1. Scientific significance

The manuscript presents a direct comparison between GC and a portable mid-infrared laser system for closed-chamber flux measurements of CO₂, N₂O, and CH₄. This is an important and timely study: many institutions are currently transitioning from GC-based methods to laser analyzers, and independent validation is valuable. The results clearly demonstrate high agreement for CO₂ and N₂O, while highlighting the challenges for CH₄. The work will be of interest to the Biogeosciences readership, particularly those involved in field flux measurements and monitoring networks.

2. Scientific quality

The experimental design is sound, with simultaneous chamber measurements across two contrasting field days. Data handling and statistical treatment (RMSE, nRMSE, flux model selection) are appropriate. However, several methodological details are still unclear or inconsistent and need to be addressed before the results can be fully trusted:

- The timing of fertilizer application relative to the flux campaigns should be reported and discussed, as it directly affects interpretation of the N₂O pulse.
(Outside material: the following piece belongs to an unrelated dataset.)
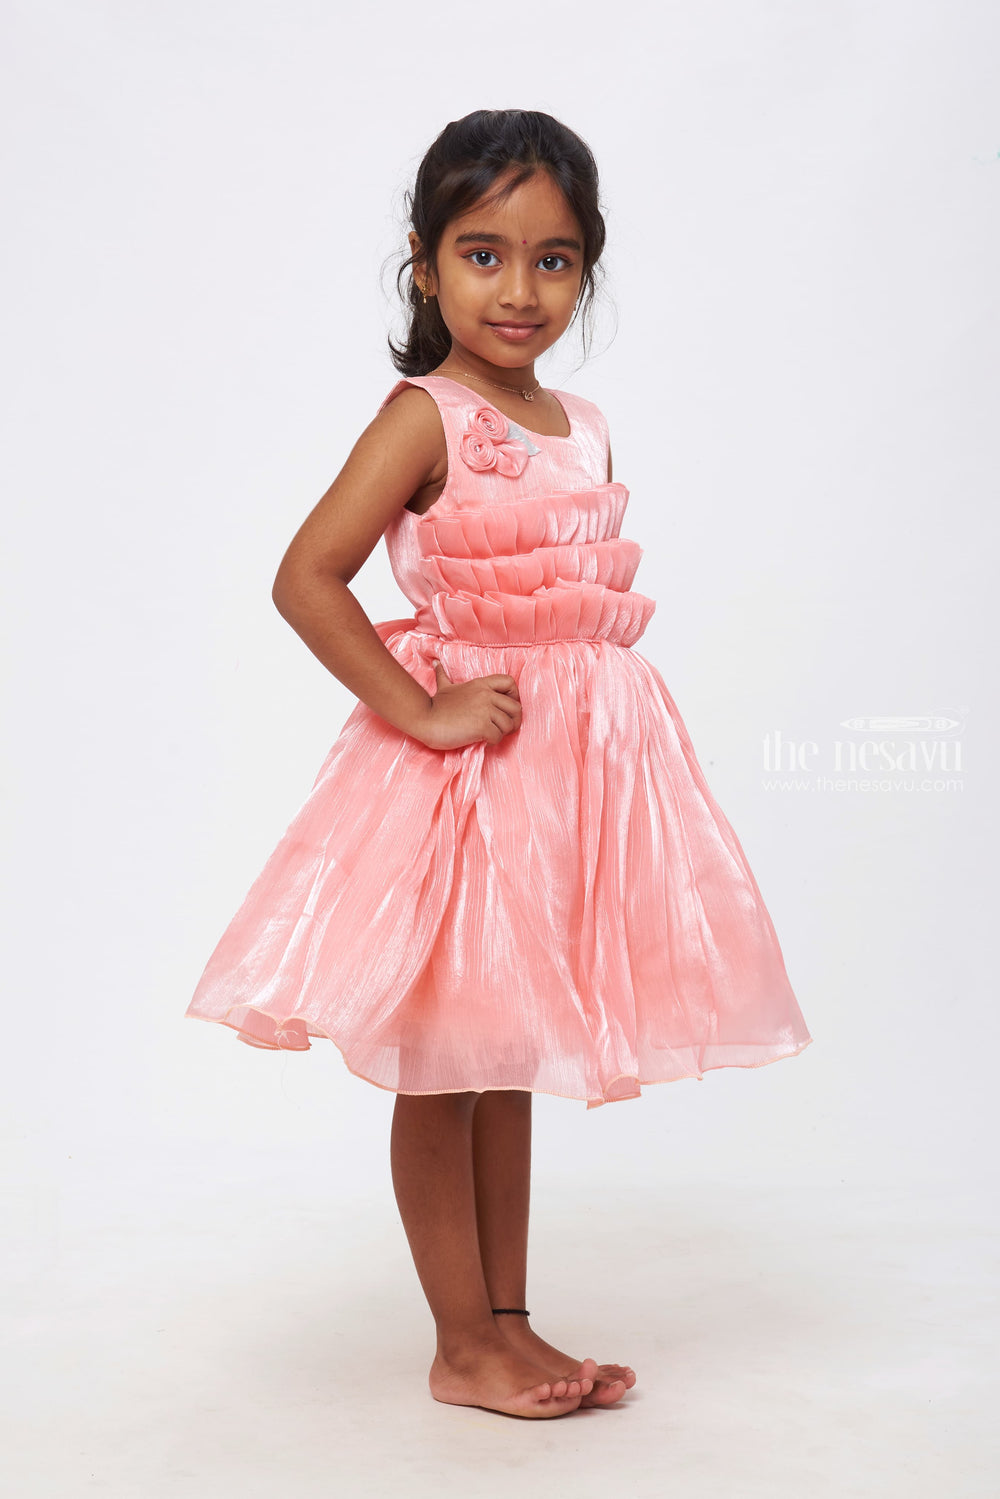 The Nesavu Girls Fancy Party Frock Blush Blossom: Girls Pink Tulle Frock with Rosette Accents Nesavu The Perfect Twirl | Elegant Frocks for Girls' Party Nights | The Nesavu

- The choice of regression approaches should be justified more clearly. Given the richness of the LAS dataset, it would be useful to explain why parametric models were favored and why non-parametric approaches (e.g. GAMs) were not pursued beyond citation. Even a short discussion would help.

- The discussion of CH₄ fluxes should be made consistent across the text and figures. At some points the manuscript refers to “comparatively high” oxidation rates (line 332), while the figures clearly show values in the common range for aerated soils. Please ensure that the wording throughout matches the actual flux magnitudes.

- It would be helpful if the authors could reflect on whether the observed GC > LAS (line 375) could be related to chamber handling, calibration gases, or model selection differences, even if only speculative. This would provide more context for readers, especially those considering method choice in their own work.

3. Presentation quality

The manuscript is generally well written and easy to follow, but a number of technical clarifications are needed:

- Ensure consistency of terminology (GA, LGA, LAS). At present, the switching between terms could confuse the readers.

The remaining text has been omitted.